Laser Controller

Blessed are those that use Eagle Schematic software.

The laser measurement was based on circuitry specified by the laser manufacturer (see figures 4-2 and 4-4). These circuits use differential line recievers and drivers. The states of the laser were fed into a "Just A Minute" or JAM circuit (original schematic). The JAM circuit was originally designed for a game show situation, where multiple contestants can hit a switch, when the switch is thrown a light goes on indicating who hit the button, and the rest of the contestants are locked out. Perfect for my application, because if any of multiple states go low I want to register which system went low, lock out other inputs, and then flip the E-stop toggle of the USC board. The custom board also has a PWM circuit which is based on a 4541 programmable timer that feed into a binary counter and magnitude comparator combination.

There's also a section on the circuit that debounces the push of a button and then toggles a D-type flip flop. This receives power from an unswitched power supply, when the user hits the pushbutton it turns on a solid state relay that powers up the remaining circuit.

The schematic epitomizes the I/O problem posed by the laser controller. There are over 120 different lines from connectors going to limit switches, encoders, geckos and the USC board. All lines were led into one of four 30 pin female headers. This was good way to go because it reduced any soldering or other types of direct connections between components -- basically all connections between components were handled by linking between header pins using wire wrap.

This has several advantages: 1) it is an overall reduction in soldering -- soldering is fine but its harder to disconnect -- connections are made by crimping wires onto pins and then inserted into the header 2) The "logic" of how lines are linked is managed in software as described in the next section -- this avoids mechanically looking at a header block from the geckos and deciding which wires have to be soldered to the pins leading to the encoders. 3) Overall, it reduces the spagetti of the circuit. Dont get me wrong, the spagetti is still there, but its centralized into four main headers. Readers may not want to go with this strategy, but one thing I strongly recommend is to avoid making hardwired connections between components. Be sure everything is connected by easily disconnected plug ends -- hardwired leads soldered directly between components make it really hard to pull the components out of the box when problems arise.

View circuit...

Wire wrap is a beatiful thing. Eagle supports exporting the schematic as a net list and a pin list. These files were used as input to a perl program which was also given the locations of all the parts on a wire wrap board, which then listed all the wire wrap connections required to make the board. The program also creates a drawing that showing the location of the chips on the wire wrap board.
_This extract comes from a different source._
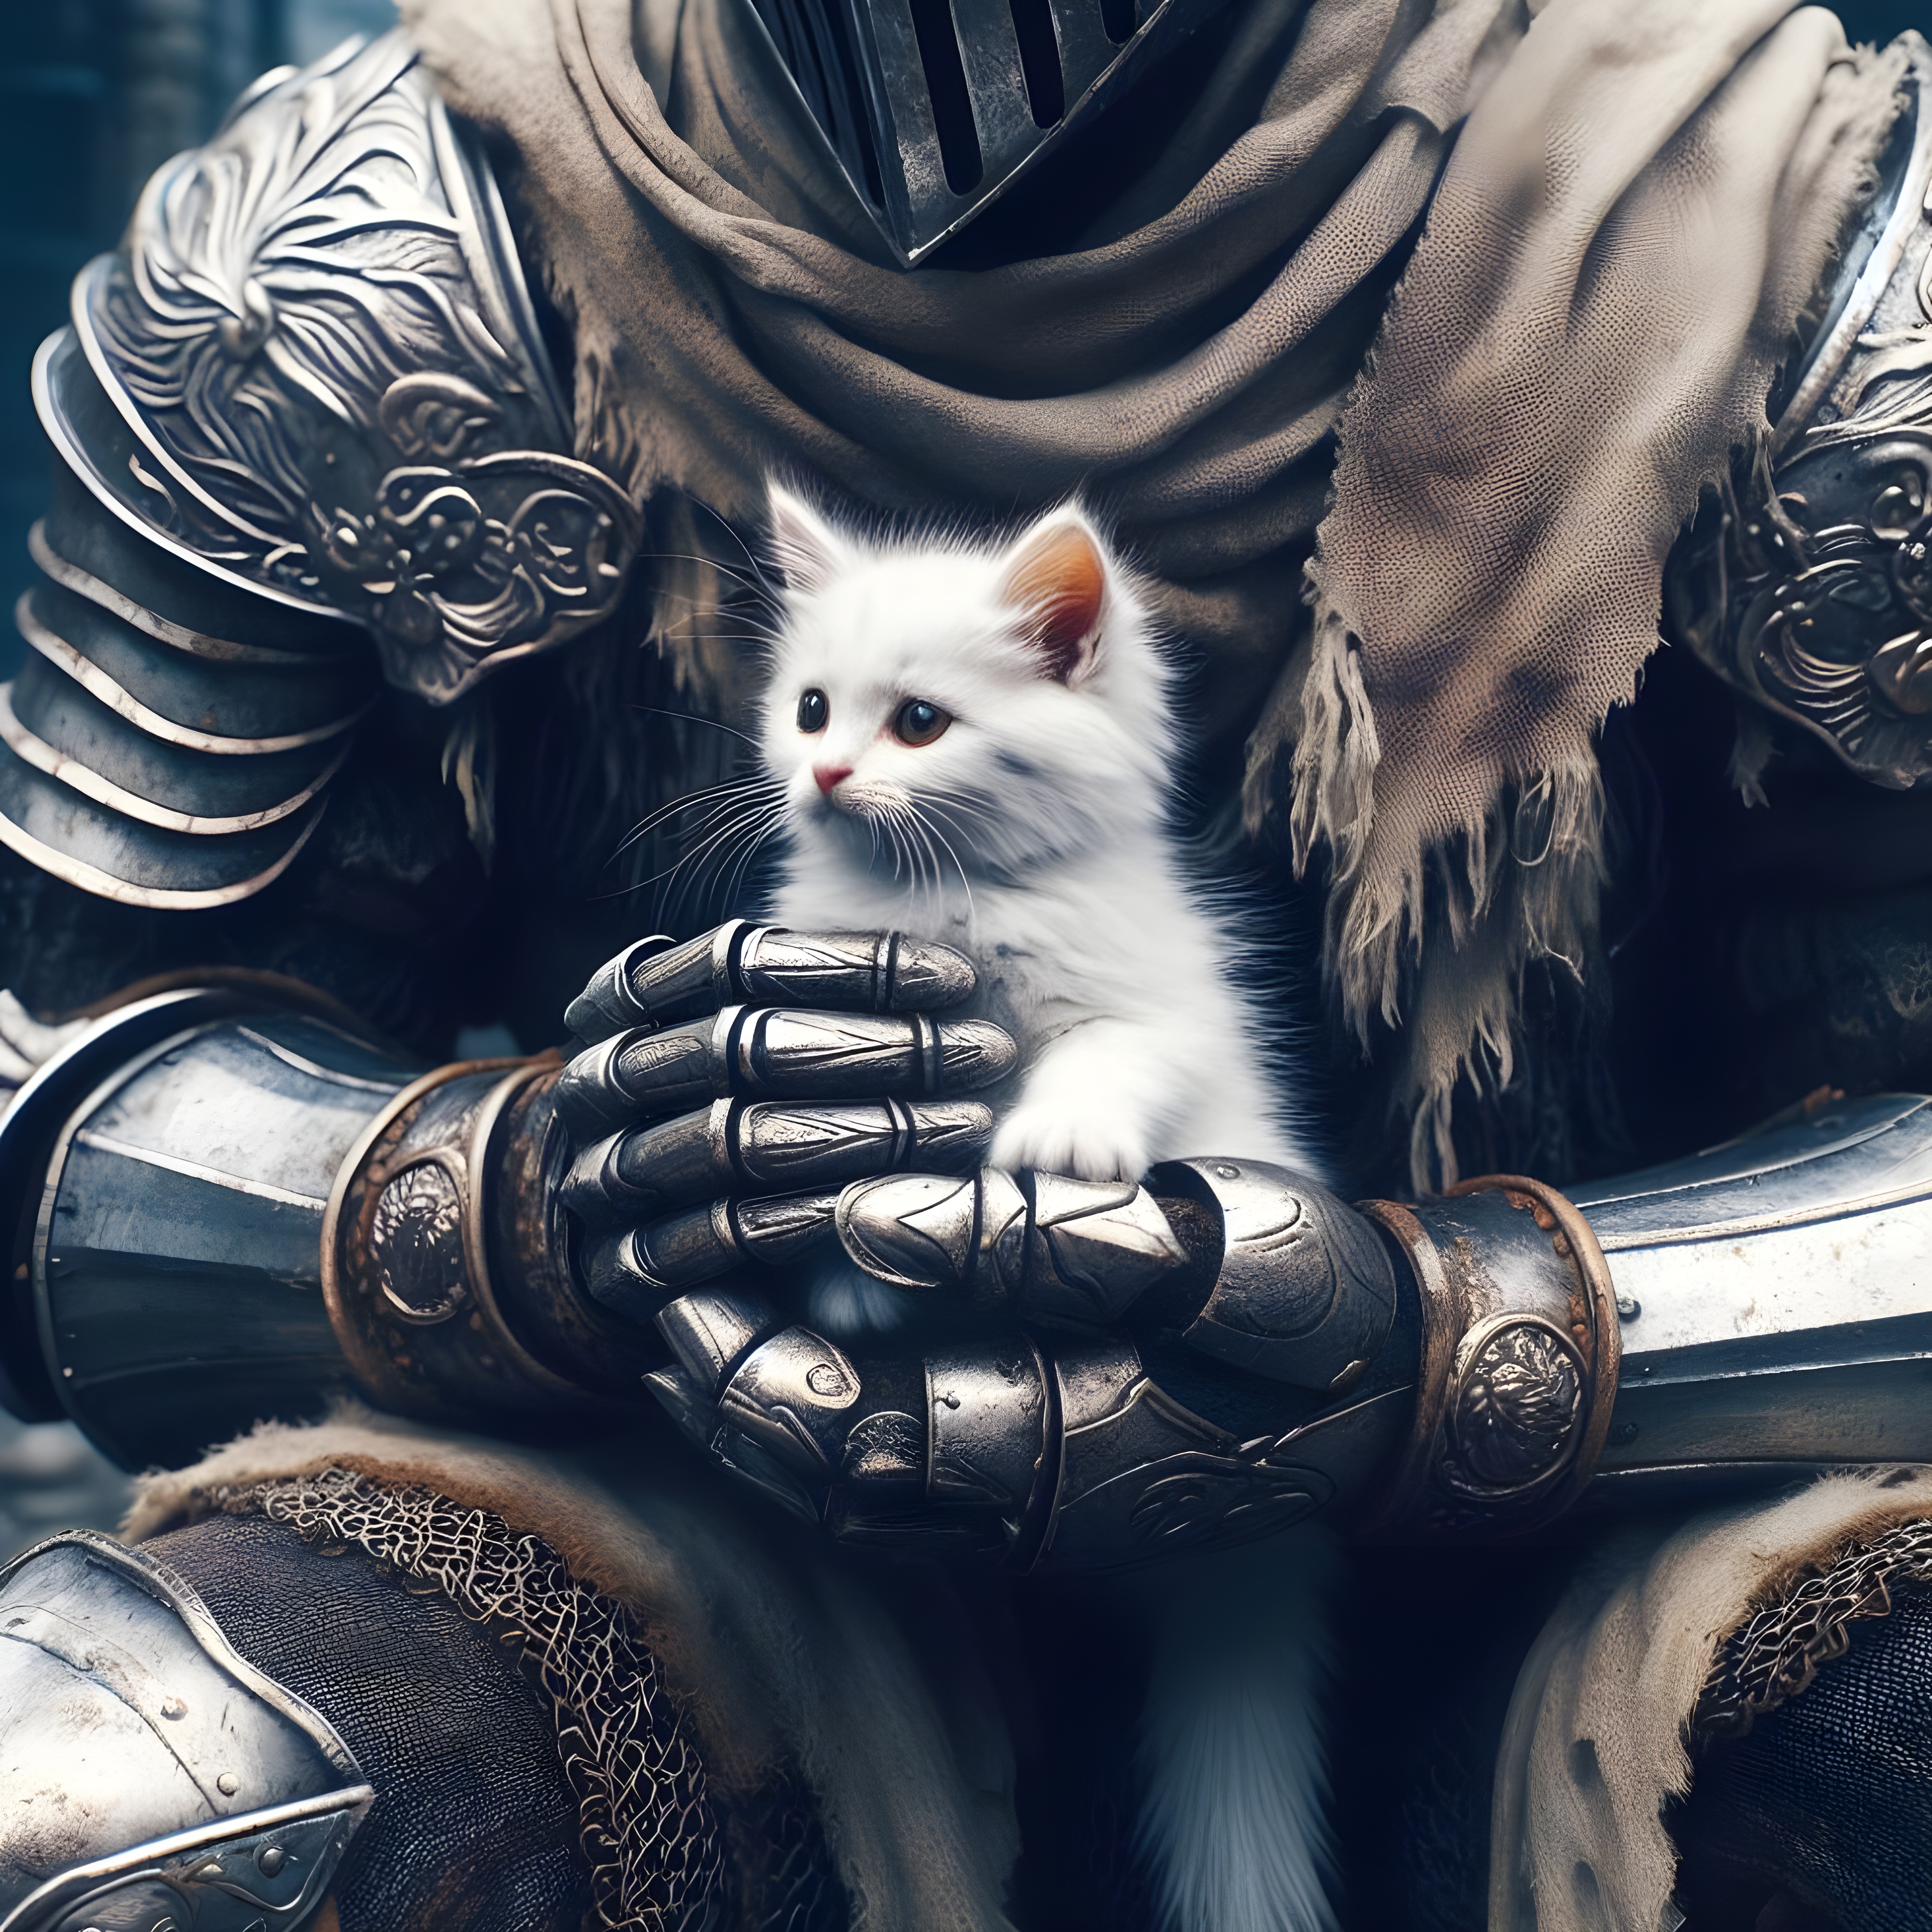 General 4000x4000 cats knight AI art digital art love kittens

There are significant advantages to mapping out the entire network of connections in a file. The main thing is that its faster. You arent looking at much except the names of the pins on the wirewrap board, wiring those pins together, and then checking for continuity with a audible tester. This is in contrast to a situation where you have your components on one side of the board, you're looking at those, looking at a circuit diagram, then flipping the board over, picturing the location of the IC pins in your mind that are now on the other side of the board, and then connecting things together. I've now gotten into the habit of always translating the circuit I'm working on into pin to pin connections. The other advantage I see with having a listing of wire wrap connections is if I experience problems with the circuit in the future -- imagine just having a circuit diagram and a completed wire wrap board in your hands. Debugging the circuit -- looking for breaks, testing chips -- is very time consuming. With a list of wire wrap connections you can order the list to give all the connections for one single IC, and rapidly check those connections.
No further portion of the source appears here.